Certainly this comes as a culture shock to regular FPS folks, to whom kills are everything, survival is nothing, and brains are not only optional but actively discouraged. This doesn't mean we should try and swing back towards the Call of Derpy end of the spectrum, this means we should educate our rookies as to how to try and win fights even without the ability to respawn and take advantage of your own suicide scouting.
Which, funnily enough, struck me as being a large part of the entire point of this thread.
Anyone who PUGs solo often knows very well the high level of cowardice exhibited by most people. When I have to lead a charge in my Cicada 2A and kill a few mechs just to get the two wimpy Atlases hiding behind the hill on Alpine to follow me, you know something is wrong.
Perhaps it would be best if you let people play the game the way they want.
Do you realize that your own statement contradicts the principle it is trying to apply, and thus cannot be a valid thought? Not to mention, as has been mentioned, that this is the guides section. Your post is non-constructive. If you have anything to add to the conversation, please do.
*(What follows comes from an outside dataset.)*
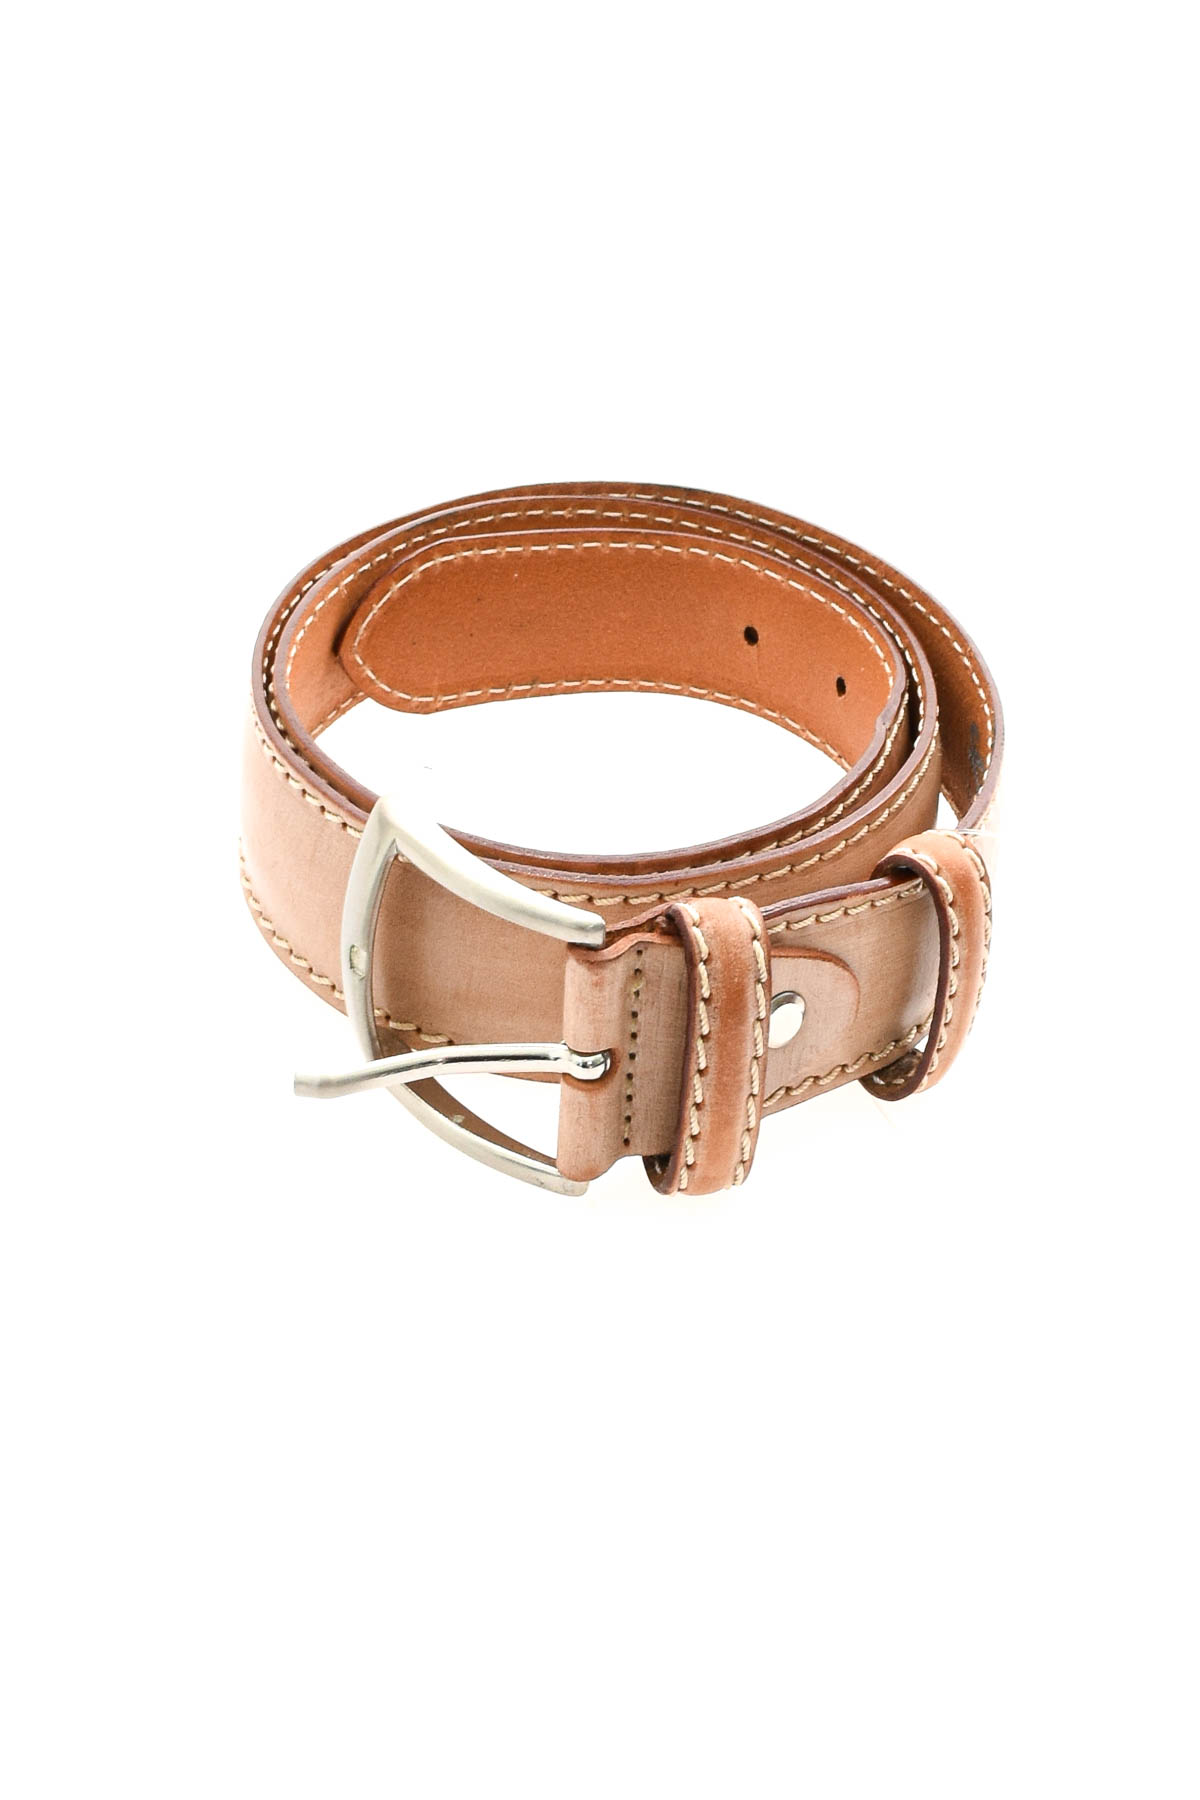 Ladies's belt - SCHUCHARD & FRIESE - 0

Troll more, and I'll report you to moderation.
Players behave timidly because that is what the game rewards.
If you want to change the way people act, chance the placement of the sticks and carrots.
Nikkoru, on 31 January 2014 - 09:30 AM, said:
Being the tip of the spear and leading a charge early on may eventually lead your team to victory, but it also means that you'll probably be the first one to die, which means either you sit around for eight minutes just to see if your team actually won, or you leave the game and never know. Those are pretty big sticks.
And that is just from a simple win/loss perspective. It gets worse when you consider resources. When you die early you make far less coin and xp. As far as the game design goes, win/loss is irrelivant, it's the amount of damage/spotting/capping you do that counts. Sure, your noble sacrifice early on may lead to a victory, but the game doesn't reward you for that behavior, it rewards the guys sniping from the back while other people take the damage, so that is what people gravitate towards.
So, because the game design penalizes being the first to die, people are more reluctant to do it. If, for example, the xp and c-bill rewards were based very heavily on win/loss, and if players weren't forced to stick around after being killed to recieve their full xp and c-bills, then you'd see a lot more people willing to get stuck in.
Like I said, game design drives behavior.
You're partially correct, but I have to disagree with a couple of things.
First, this is the guides section; I've posted other places about what I think is wrong with the metagame and what needs to be improved to bring things to better balance. But this thread is about how to live in the world game balance gives us.
Second, don't get sucked into the brawler-sniper-hider sub-debate that's been spawned in this thread (notably by people jabbering about tactics and Sun Tzu - while understanding neither.) I'm not telling people that they have to mass up and charge - or not. I'm telling them that while I understand why they're hiding in the back, there really is a carrot waiting at the end of the path of courage. The problem isn't that there's a lack of reward for playing with intelligent aggression (even while sniping.) The problem is that the behaviors that would result in those rewards are being precluded by the set of emergent player tactics we all call "the metagame." The relevant aspects of the meta are the combination of poptarts and dakka.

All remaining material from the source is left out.